### Problem to work on
Repeat the listing exactly as given, omitting every image.

### Supplied material
..........
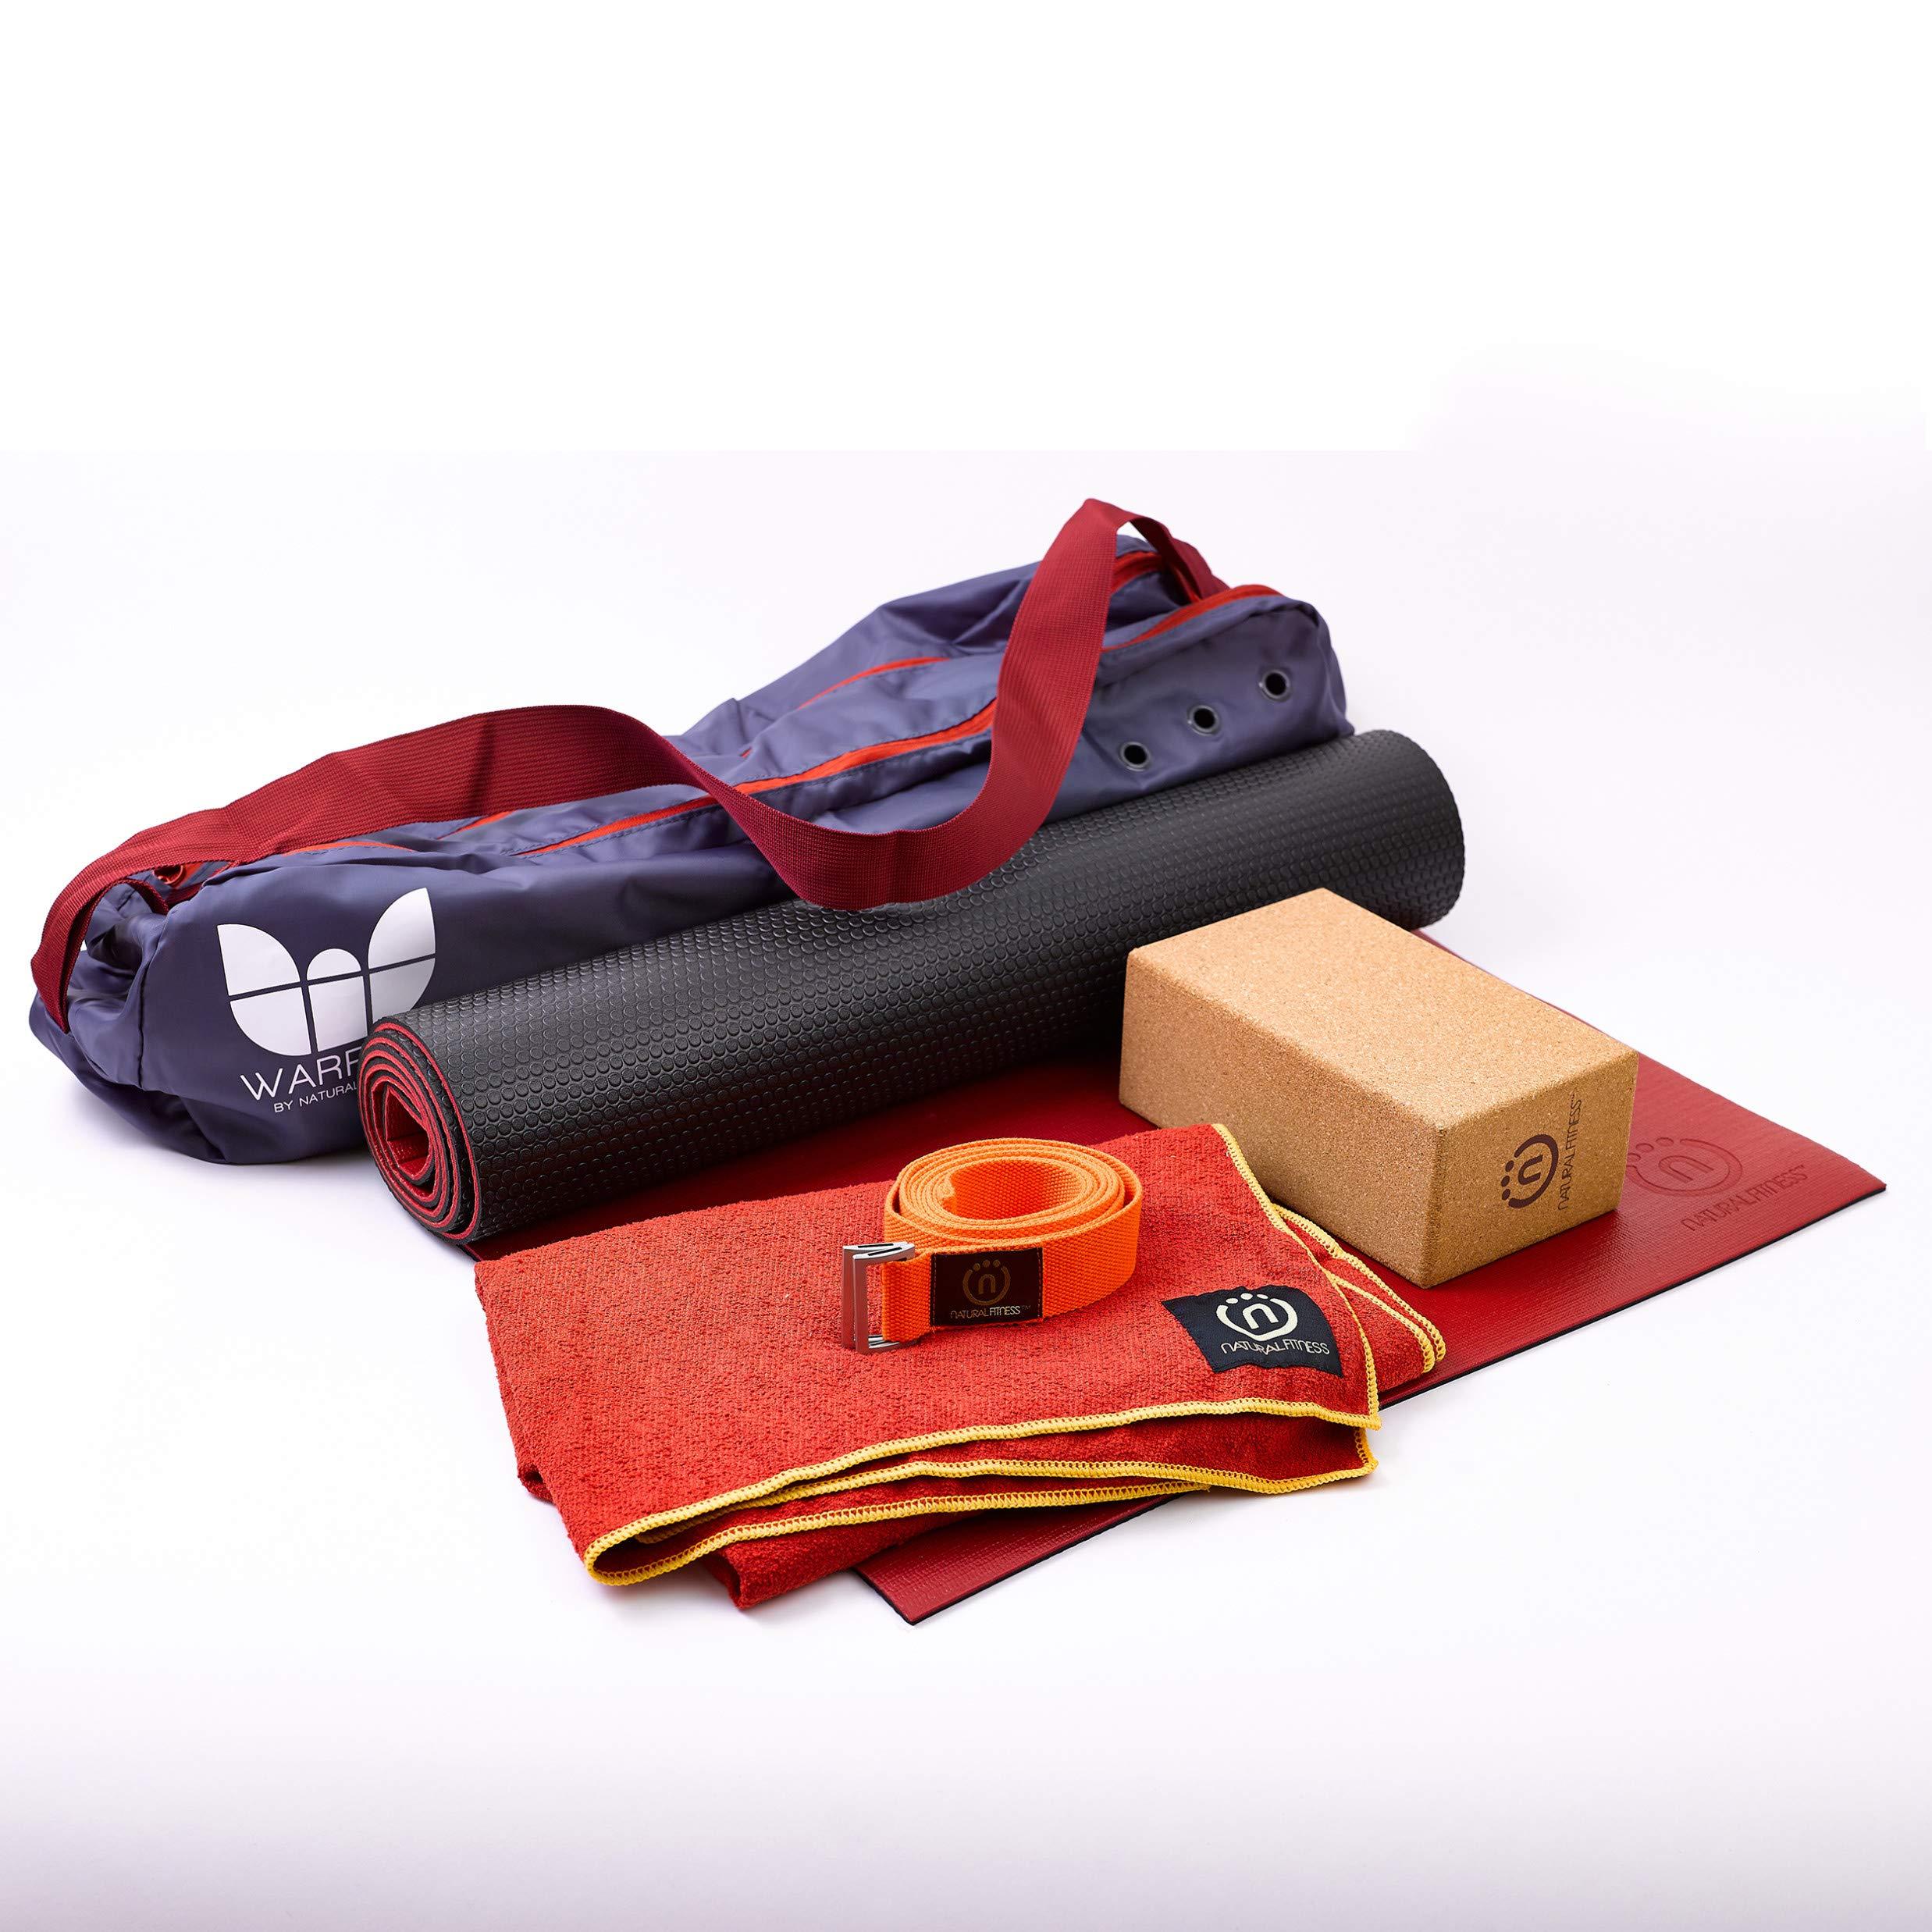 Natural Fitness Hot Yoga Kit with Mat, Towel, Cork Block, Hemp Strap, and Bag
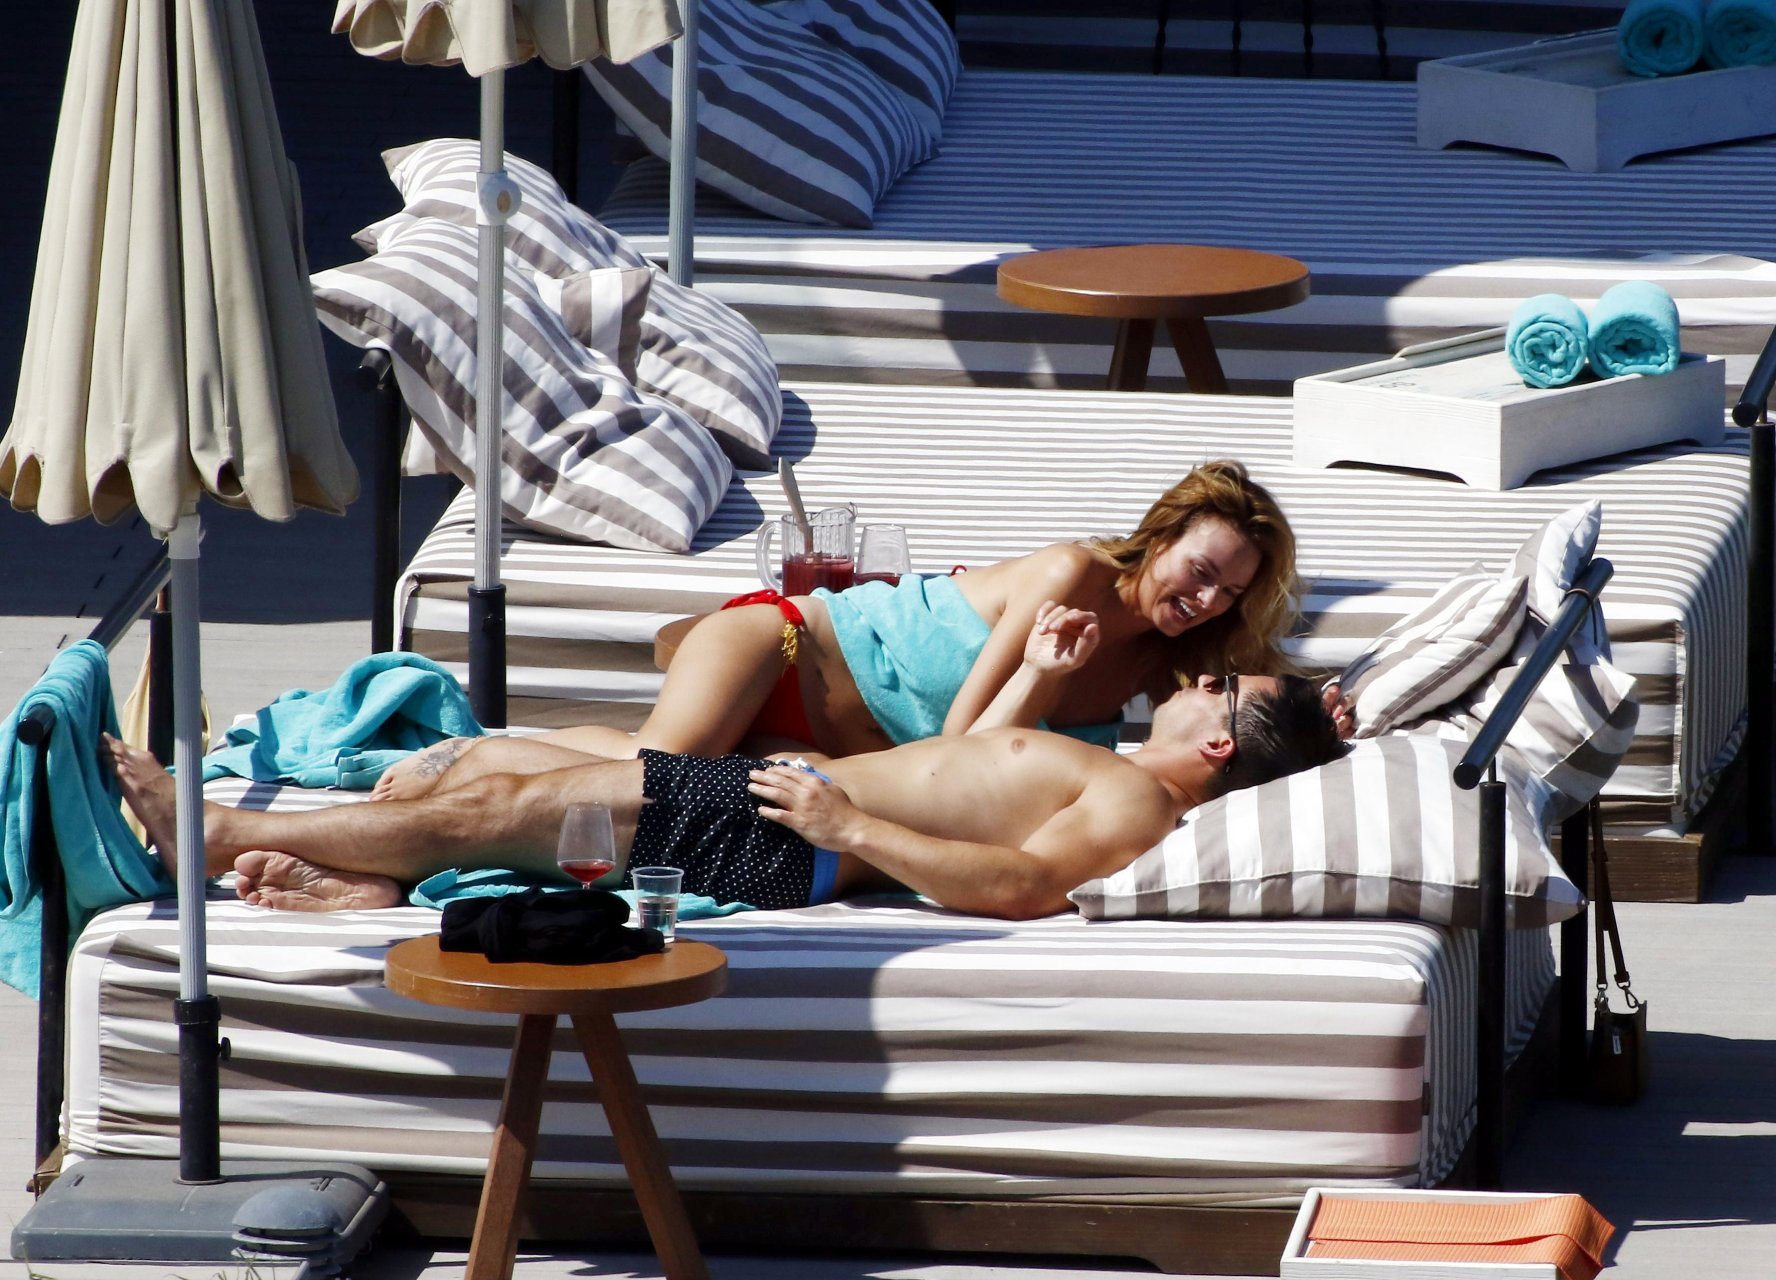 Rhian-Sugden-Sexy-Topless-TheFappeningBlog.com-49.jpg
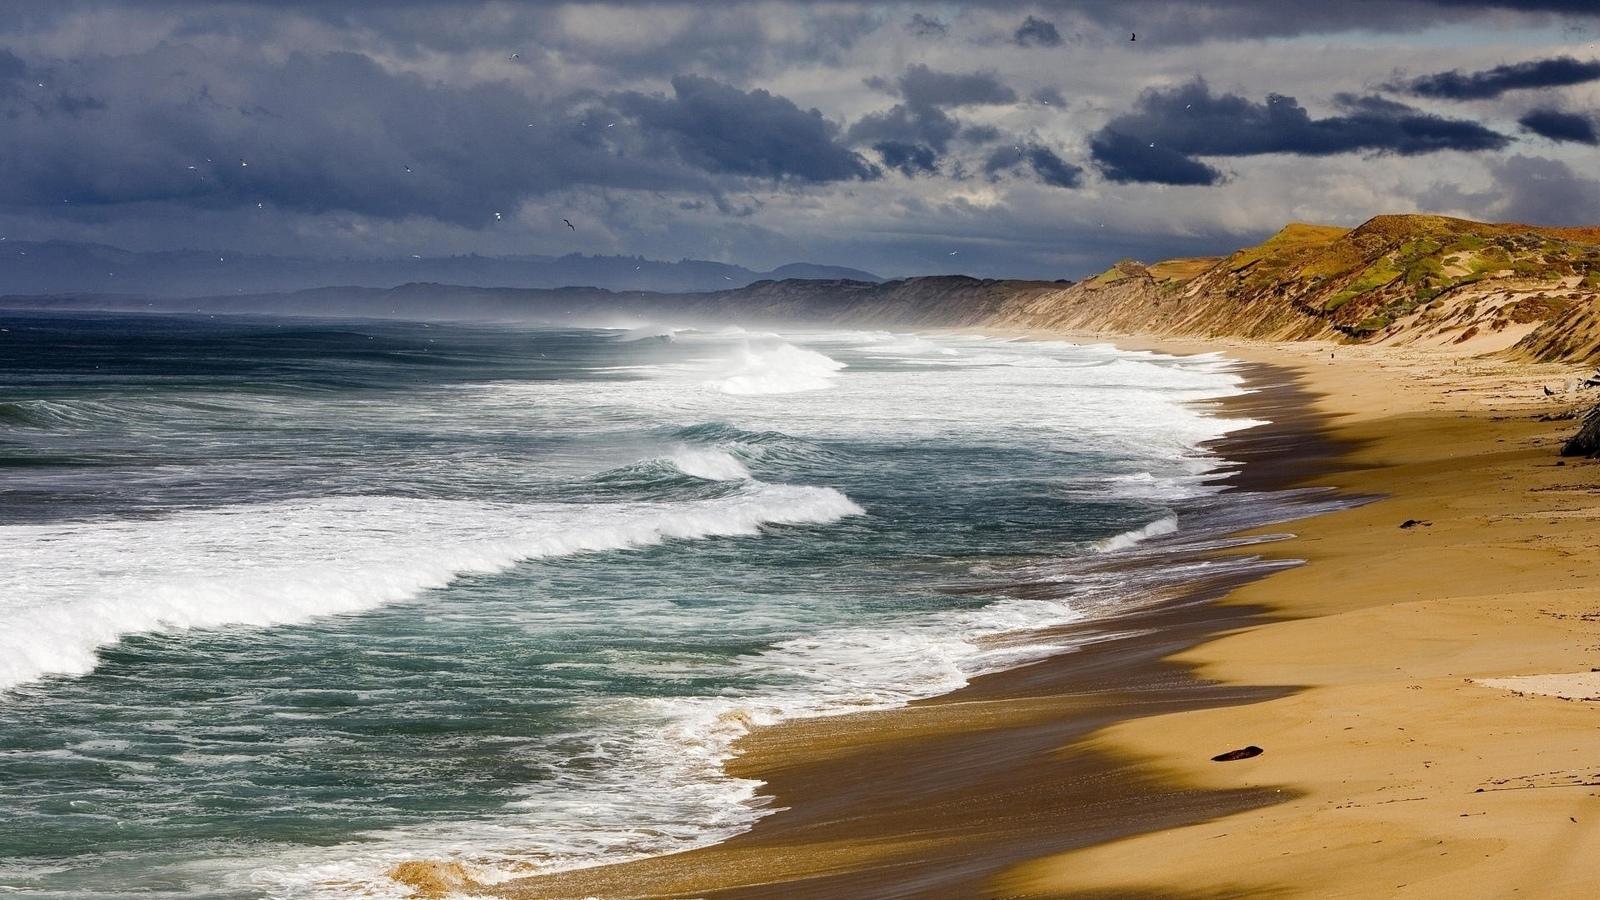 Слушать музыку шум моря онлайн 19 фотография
..........
### Result of this task
 Natural Fitness Hot Yoga Kit with Mat, Towel, Cork Block, Hemp Strap, and Bag
 Rhian-Sugden-Sexy-Topless-TheFappeningBlog.com-49.jpg
 Слушать музыку шум моря онлайн 19 фотография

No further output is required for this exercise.